Sheikh Hasina, de la tête du Bangladesh à la condamnation à mort

Après la dictature militaire, elle a incarné l'espoir d'une transition démocratique au Bangladesh. Chassée du pouvoir par la rue en août 2024, l'ex-Première ministre en exil Sheikh Hasina a été condamnée à mort lundi, reconnue coupable de crimes contre l'humanité.

Au terme de cinq mois de procès en son absence, la justice bangladaise a reconnu la "bégum de fer" coupable d'avoir ordonné la répression des émeutes qui ont précipité la fin de son règne (2009-2024).

Selon l'ONU, ces violences ont causé plus de 1.400 morts, pour l'essentiel des manifestants.

Pendant plusieurs mois, de nombreux témoins se sont succédé à la barre du tribunal pour accuser l'ancienne cheffe du gouvernement, 78 ans, d'avoir ordonné à la police de tirer sur la foule.

Mme Hasina constituait "le noyau autour duquel tournait tous les crimes commis pendant la révolte des mois de juillet et août (2024)", a résumé le procureur Tajul Islam en réclamant son exécution.

Dans un entretien accordé le mois dernier à l'AFP depuis son exil indien, l'ancienne dirigeante a rejeté les charges "infondées" retenues contre elle.
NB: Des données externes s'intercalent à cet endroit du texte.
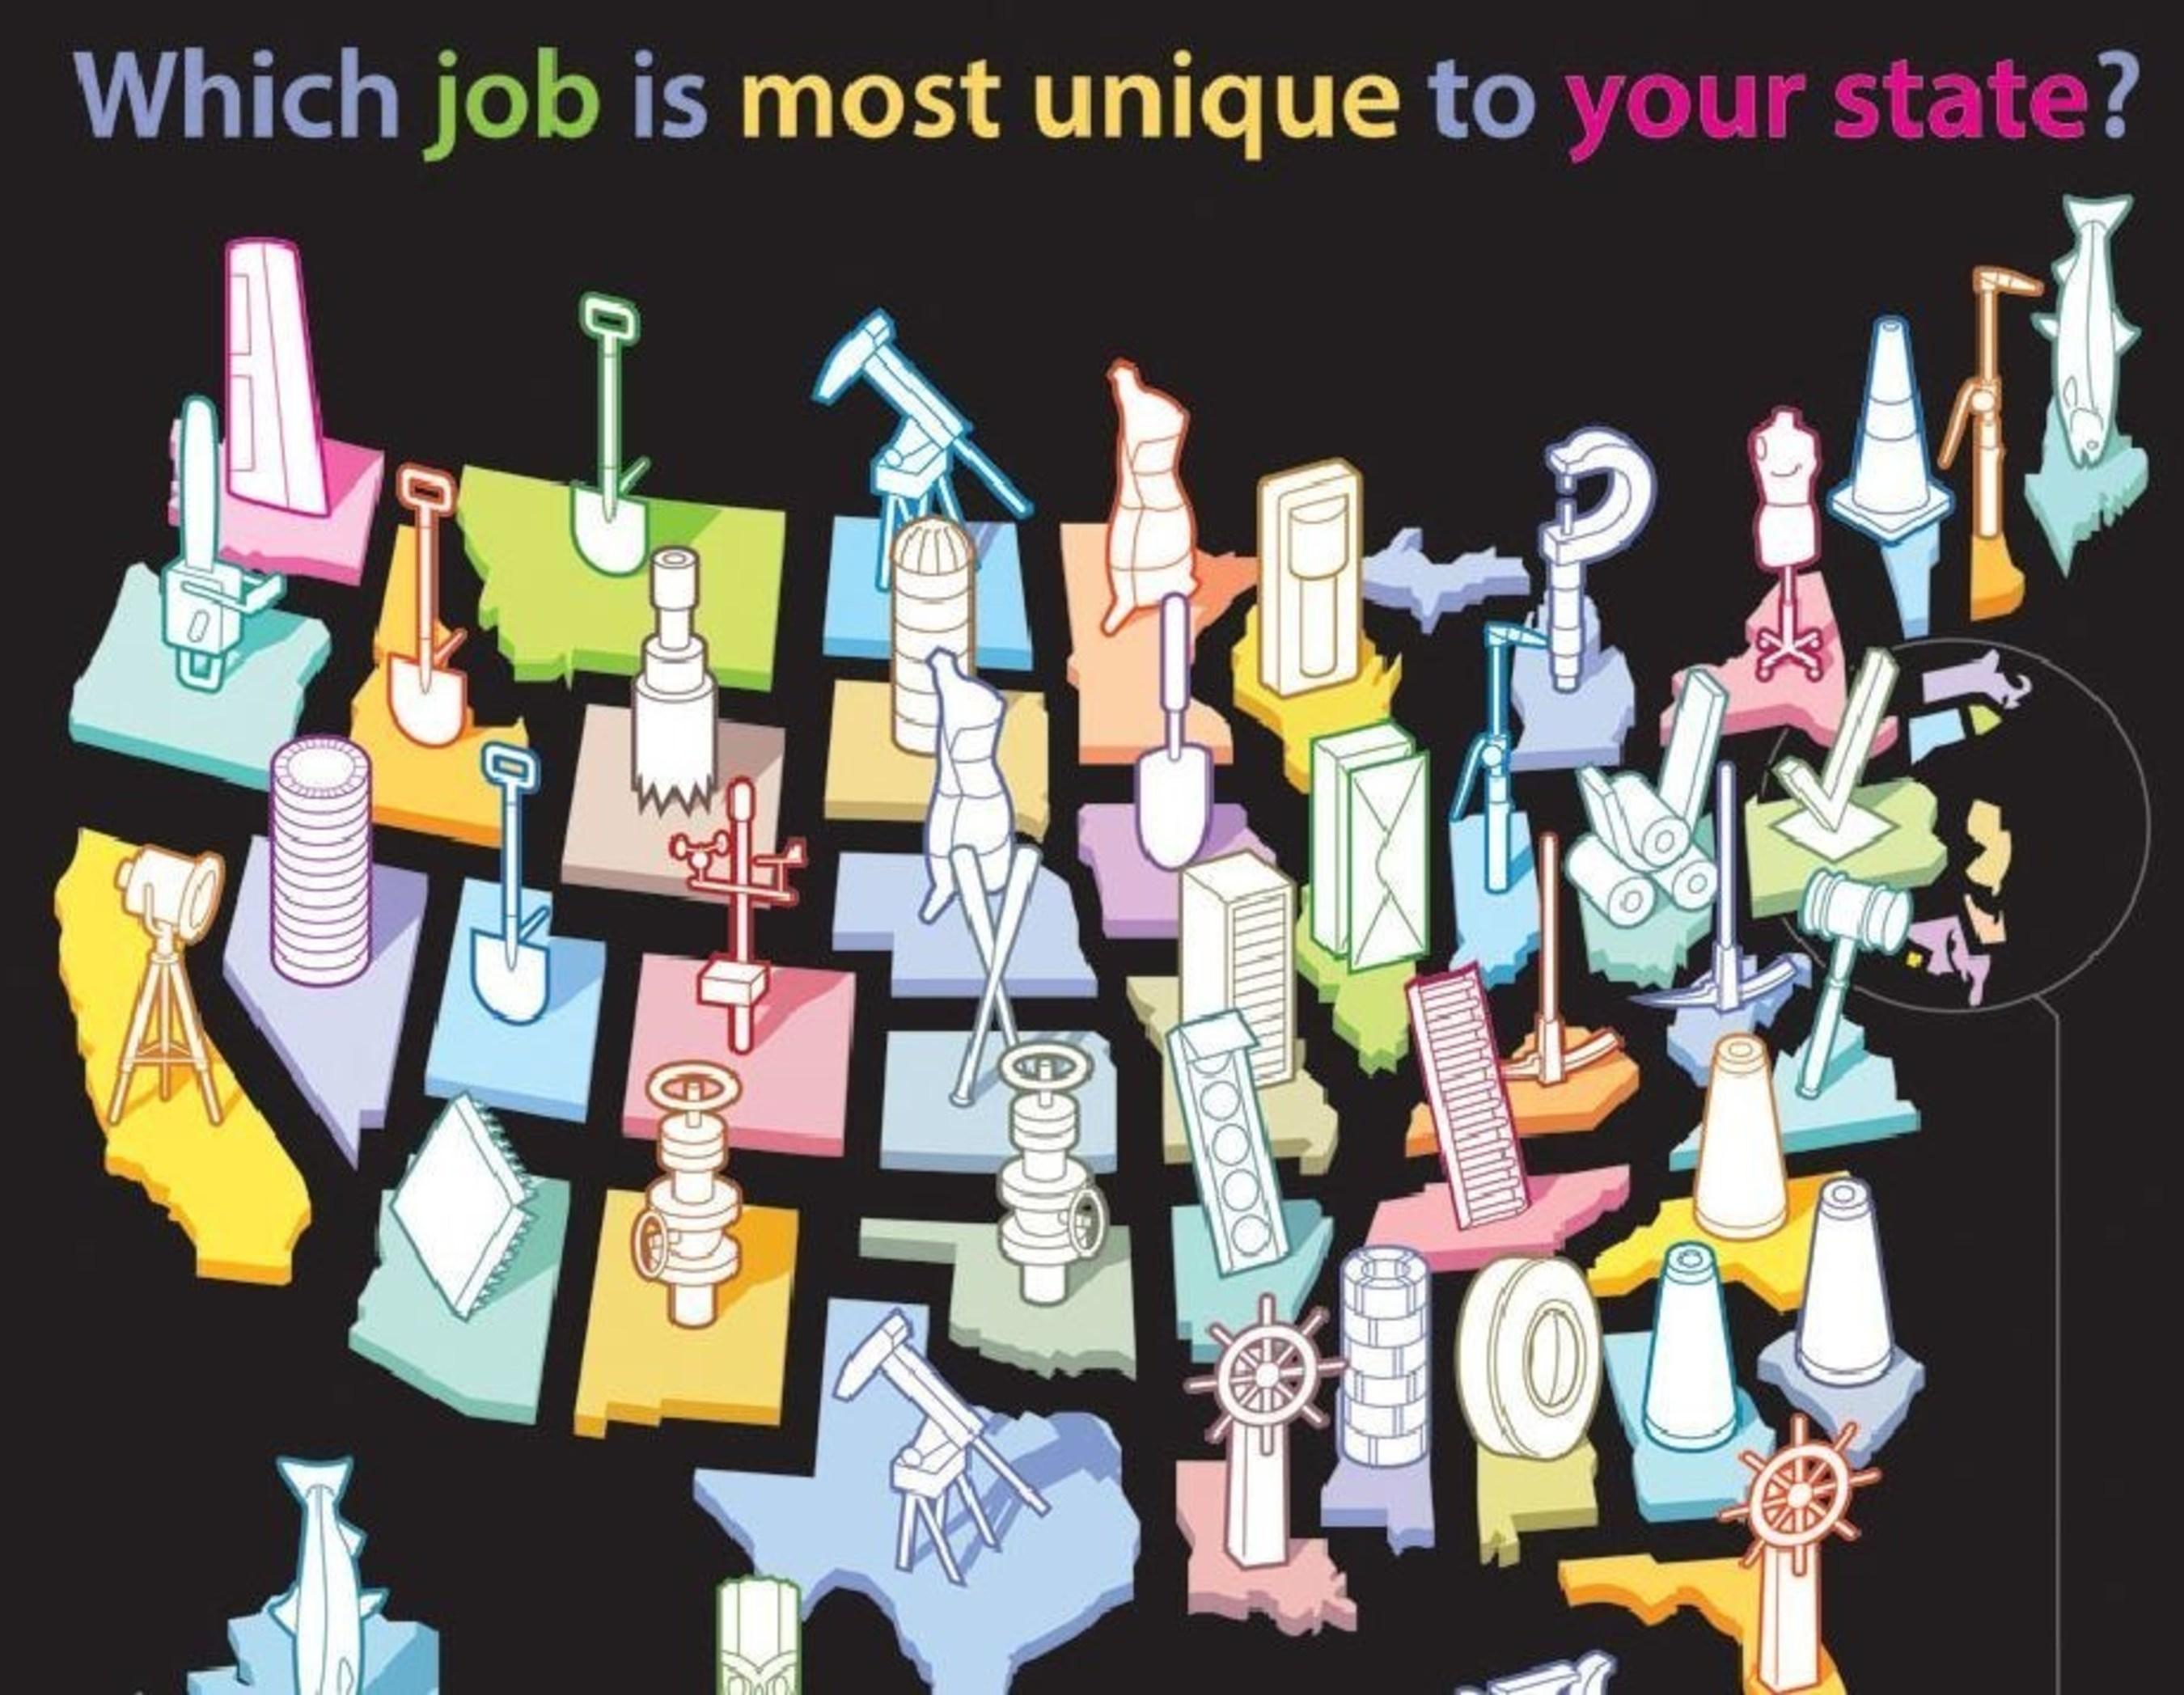 Infographic: www.mentalfloss.com/uniquejobs
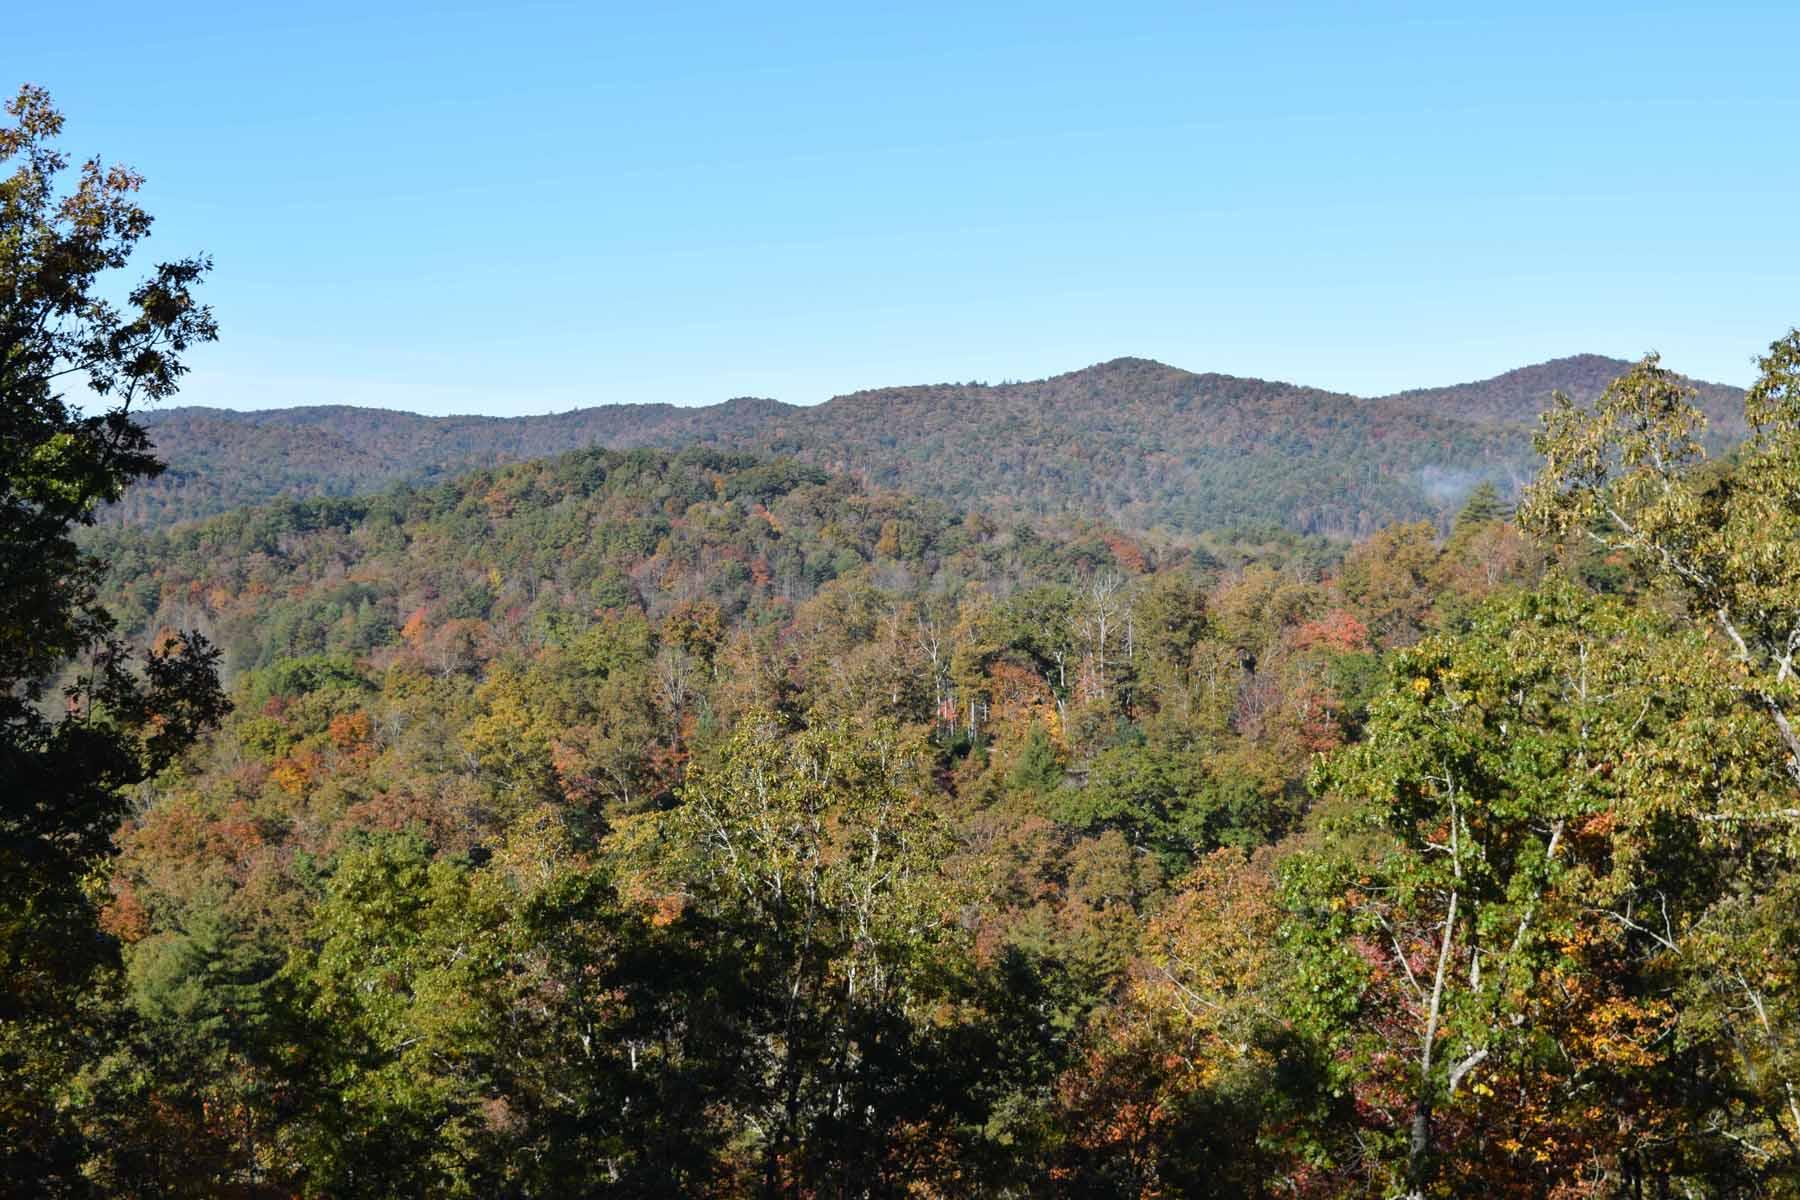 独户住宅 为 销售 在 Upscale, Eco-Friendly Mountainside Cottage 0 Canaan Valley Road Lot A Suches, 乔治亚州, 30572 美国

Elle a dénoncé lundi le verdict "motivé politiquement" rendu par le tribunal.

Tout comme elle a toujours réfuté la responsabilité de la longue liste des violations des droits humains - meurtres extrajudiciaires, enlèvements, tortures - et de multiples atteintes aux libertés que lui reprochent ses adversaires politiques.

- Coups d'Etat -

Fille aînée de Sheikh Mujibur Rahman, le père fondateur du Bangladesh qui a pris son indépendance du Pakistan en 1971, elle était au pouvoir depuis 2009, après un premier mandat entre 1996 et 2001.

Sous sa direction, le pays à majorité musulmane de 170 millions d'habitants, naguère l'un des plus pauvres de la planète, a accompli un bond en avant économique, notamment grâce à son industrie textile à bas coûts.

Avec une croissance annuelle de plus de 6% en moyenne depuis 2009, le Bangladesh a dépassé l'Inde voisine en revenu par habitant en 2021, malgré la persistance de fortes inégalités.

Réélue sans véritable opposition début 2024, elle avait promis faire du Bangladesh "un pays développé et prospère". Mais des millions de jeunes Bangladais sont restés au bord de la route, privés d'emplois.

L'histoire personnelle de Sheikh Hasina, née en 1947, est indissociable de celle de son pays.

En 1975, elle a 27 ans et se trouve à l'étranger quand son père, sa mère et ses trois frères sont assassinés à Dacca lors d'un coup d'Etat militaire.

Elle revient d'exil en Inde en 1981 pour prendre les rênes de l'Awami League, le parti fondé par son père. Les autorités lui imposent de fréquentes périodes d'assignation à résidence.

Elle s'allie alors à Khaleda Zia, cheffe du Parti nationaliste du Bangladesh (BNP) depuis le meurtre de son mari et président du pays Ziaur Rahman, tué en 1981 lors d'un autre coup d'Etat militaire.

- Répressions -

Unies contre la dictature militaire, les deux femmes et leurs partis entrent dans une féroce rivalité au retour de la démocratie en 1991.

Khaleda Zia est alors élue Première ministre, mais Sheikh Hasina lui succède pour un premier mandat à la tête du pays en 1996. Elle doit à nouveau s'incliner face à elle en 2001.

Les rivales sont finalement toutes deux emprisonnées pour "corruption" en 2007, lors d'un nouveau coup de force orchestré par l'armée. Elles bénéficient d'un non-lieu et l'année suivante Sheikh Hasina remporte largement les législatives.

Sous son règne, en 2018, sa rivale est condamnée à dix-sept ans de prison pour corruption. Comme elle, nombre de ses adversaires politiques sont visés par la répression.

Cinq dirigeants islamistes et une figure de l'opposition ont été exécutés sous son mandat pour des crimes commis remontant à la brutale guerre de libération du pays en 1971. D'autres sont emprisonnés, séquestrés voire exécutés, l'accusent opposition et ONG.

Sheikh Hasina a toujours contesté ces allégations. "En quinze ans, j'ai construit ce pays", déclarait-elle à des journalistes un mois avant sa chute. Lundi encore, elle a répété qu'elle était "très fière" de son bilan.